Review: Obviously, this is one of the classic "dysutopian" works though I am inclined to not think that its strength came from the fact that its author lived in the 'fledgling socialist state' of Russia..... Nor am I inclined to list off a variety of other books in the same genre: that doesn't help anyone decide whether this book is really a worthwhile read (though 'Erehwon' by Samuel Butler is another book that should be massively well-regarded and just isn't....)

This is a really good book for a number of reasons, foremost among them that the state sketched by Zamiatin is the most modern, its characters the most well-crafted, and its strengths among how its author strung together his stream-of-consciousness like ideas. In the preface to this version it mentions that in this story it is unclear where the state is (i.e. unlike in 1984 where the story obviously takes place in Britain...)

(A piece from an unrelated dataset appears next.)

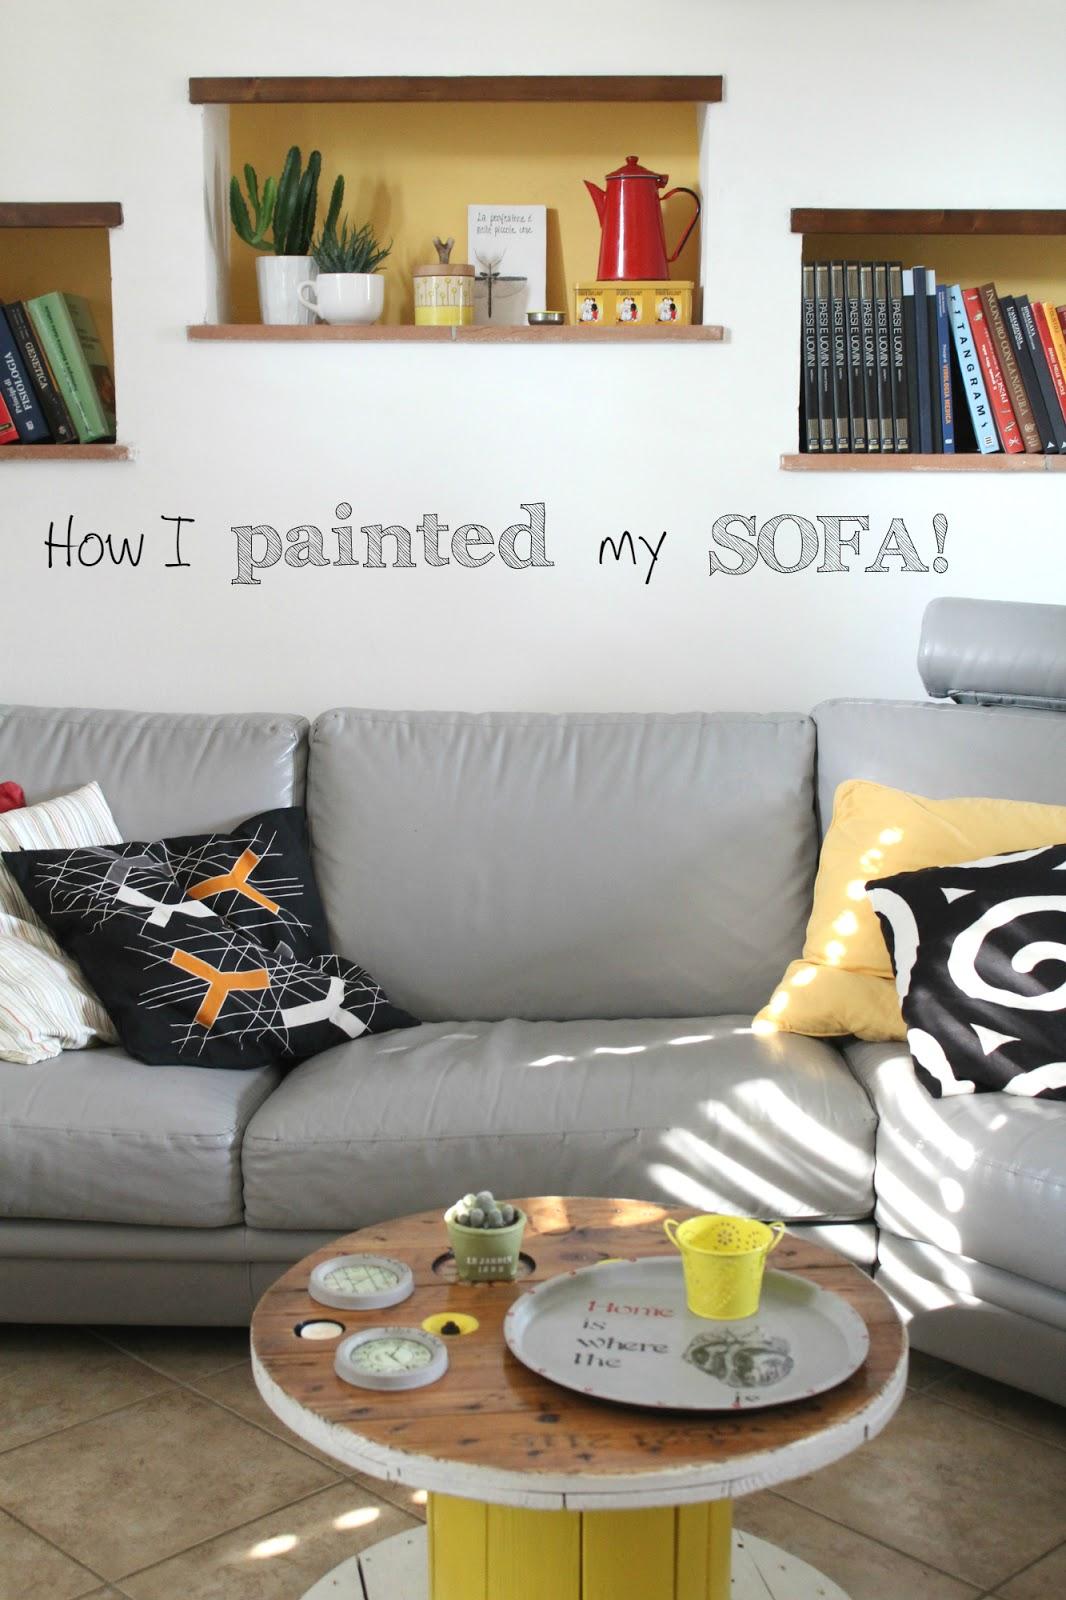 Conosciuto Vivere a piedi nudi living barefoot: Come ho dipinto il mio divano  ZP56

It is obvious that the author is Russian. No Western author would have alluded to Plato's "The Republic" for the whole of a novel so strongly without admitting to it. And perhaps, moreso than socialist Russia, was where he was drawing his source material.

Rating: 5 stars
Summary: This edition reproduces the first English translation
Review: I'm writing this note just to alert readers that this large-print, hardcover edition of Zamiatin's We is not the translation by Mirra Ginsburg. I bought this book thinking it was Ginsburg's modern translation; she also translated his stories and essays, both great books. This particular edition actually uses the very first translation from Russian into English, by Gregory Zilboorg, published originally in 1924. This is the version Huxley, Orwell and Rand actually read; this is the version that influenced their respective dystopias: Brave New World, 1984 and Anthem. I have no means to compare this edition to Ginsburg's, but so far it appears to be just as readable. The question is: is it complete? In any case, the book itself is nice: a large-print, hardcover edition.

Rating: 4 stars
Summary: The precursor to other famous dystopias
Review: WE was the prototype for both Orwell's 1984 and Huxley's BRAVE NEW WORLD and you can see the elements of both contained in this novel. Given the fairly obvious allusions to Communist Russia it is no surprise that the novel was suppressed for so long. The representation of people by numbers (the central character is D-503), and the conditioning of people to accept the denial of their individuality, are still things which raise alarms in various parts of the world today. The novel is complex in that there are some aspects of this society of which Zamyatin seems to approve. Our initial impressions would normally be that his presentation is focussed upon negatives. In this translation the novel is not too difficult to read. It is a good challenge to all of us to think about how our own societies (and the parts of them that we have some influence upon ie: our families etc.) are ordered.

Rating: 5 stars
Summary: life in OneState
Review: After reading this book I can feel the strong underlying philosophies that influenced George Orwell to write "1984." The novel is premised on an orderly mathematical philosophy to life; that each day brings no surprises, all things have order and structure. Each person relates an unknown as chaos. I felt the strongest point challenged in this book took place in record 30, when a D-503 is expressing his belief that a revolution is wrong because the great benefactor said that the last revolution took place years ago. To rebut this coming from the mind of a mathematician I-330 says "what's is the last number?" Proving that if there can be no last number, there can be no last revolution! While reading this book I found it hard to decipher between reality and dream sequences, a point I feel the author was striving for. If you still have the chance I suggest you read this before "1984" .... not the year, the book!